SpaGBOL: Spatial-Graph-Based Orientated Localisation

Tavis Shore,Oscar Mendez,Simon Hadfield
2024-09-24
Abstract:Cross-View Geo-Localisation within urban regions is challenging in part due to the lack of geo-spatial structuring within current datasets and techniques. We propose utilising graph representations to model sequences of local observations and the connectivity of the target location. Modelling as a graph enables generating previously unseen sequences by sampling with new parameter configurations. To leverage this newly available information, we propose a GNN-based architecture, producing spatially strong embeddings and improving discriminability over isolated image embeddings. We outline SpaGBOL, introducing three novel contributions. 1) The first graph-structured dataset for Cross-View Geo-Localisation, containing multiple streetview images per node to improve generalisation. 2) Introducing GNNs to the problem, we develop the first system that exploits the correlation between node proximity and feature similarity. 3) Leveraging the unique properties of the graph representation - we demonstrate a novel retrieval filtering approach based on neighbourhood bearings. SpaGBOL achieves state-of-the-art accuracies on the unseen test graph - with relative Top-1 retrieval improvements on previous techniques of 11%, and 50% when filtering with Bearing Vector Matching on the SpaGBOL dataset.

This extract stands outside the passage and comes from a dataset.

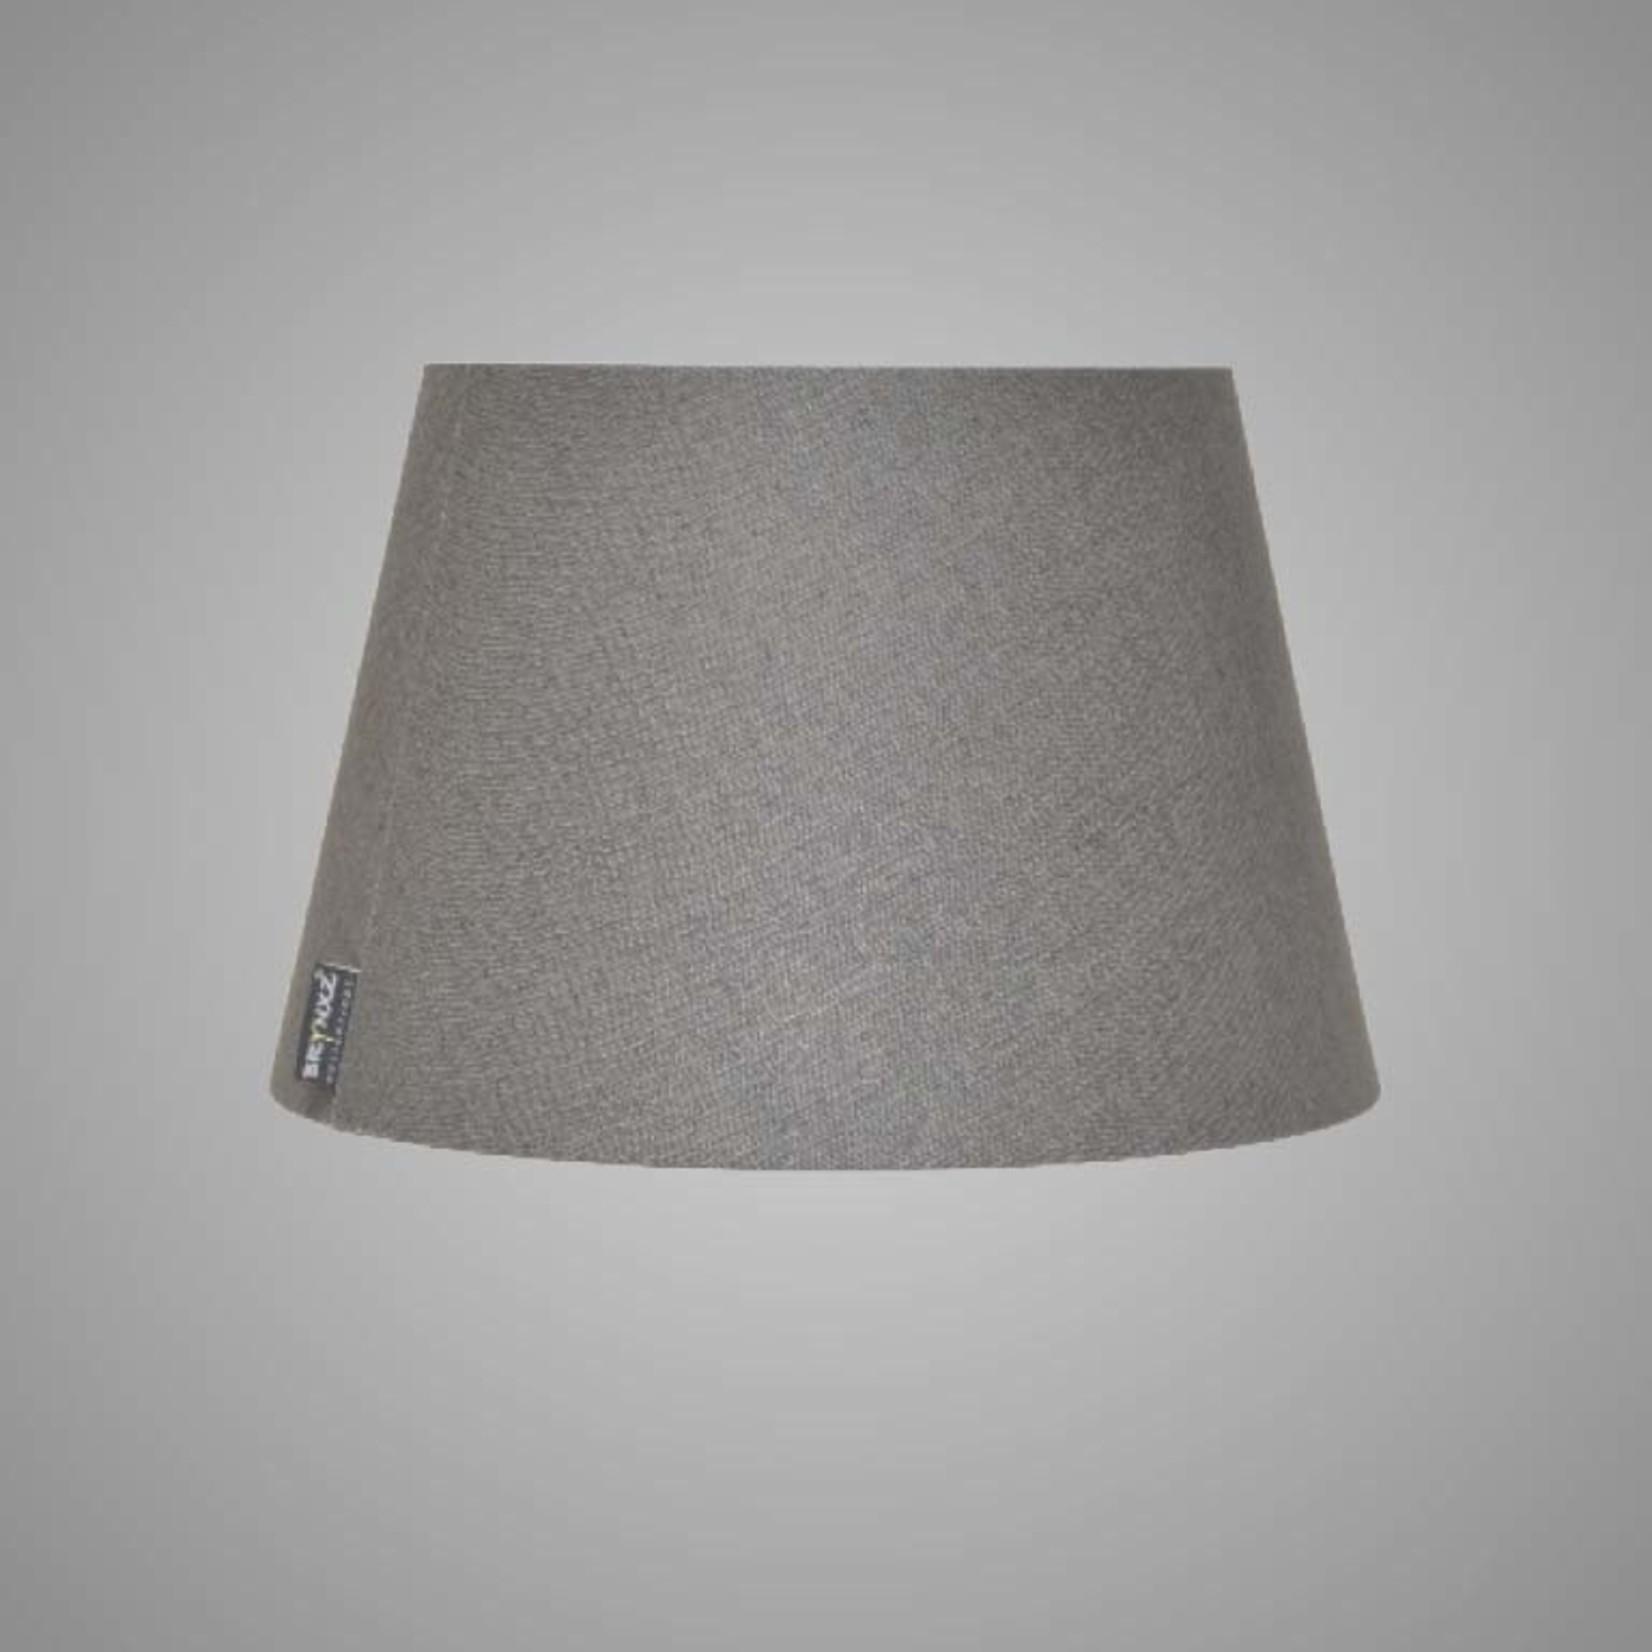 Brynxz Brynxz Lampenkap 42cm grey

Computer Vision and Pattern Recognition
What problem does this paper attempt to address?
The paper attempts to address the problem of Cross-View Geo-Localisation (CVGL) in urban areas. Specifically, existing CVGL techniques mainly rely on sparse street view-satellite image pairs and ignore the structural relationships between geographic locations. This leads to poor performance when dealing with partially overlapping or new sequences that combine multiple existing sequences. Additionally, existing datasets and techniques lack geospatial structure, limiting their feasibility in real-world applications. To address these issues, the authors propose the following key points: 1. **Utilizing graph structure to represent data**: By organizing image data into a graph network, it is possible to better model the connectivity of sequences of local observations and target locations. The graph structure makes it possible to generate new unseen sequences and leverage spatial relationships between nodes to improve the robustness and distinctiveness of feature representations. 2. **Introducing Graph Neural Networks (GNN)**: A GNN-based architecture is developed to generate embedding vectors with strong spatial features, thereby enhancing the discriminative power of single image embeddings. 3. **Proposing a new retrieval filtering method**: Retrieval filtering based on Bearing Vector Matching (BVM) is introduced to further improve retrieval accuracy. 4. **Constructing a new dataset**: The SpaGBOL dataset is released, which is a multi-city graph structure dataset containing multiple street view images, aimed at improving the model's generalization ability under different time, weather, and lighting conditions. Through these innovations, the authors hope to push CVGL technology closer to practical applications, especially in dense urban areas where GNSS signal loss is common. Experimental results show that SpaGBOL improves the Top-1 retrieval accuracy on unseen test images by 11% compared to existing techniques, and the accuracy is further increased by 50% after using BVM filtering.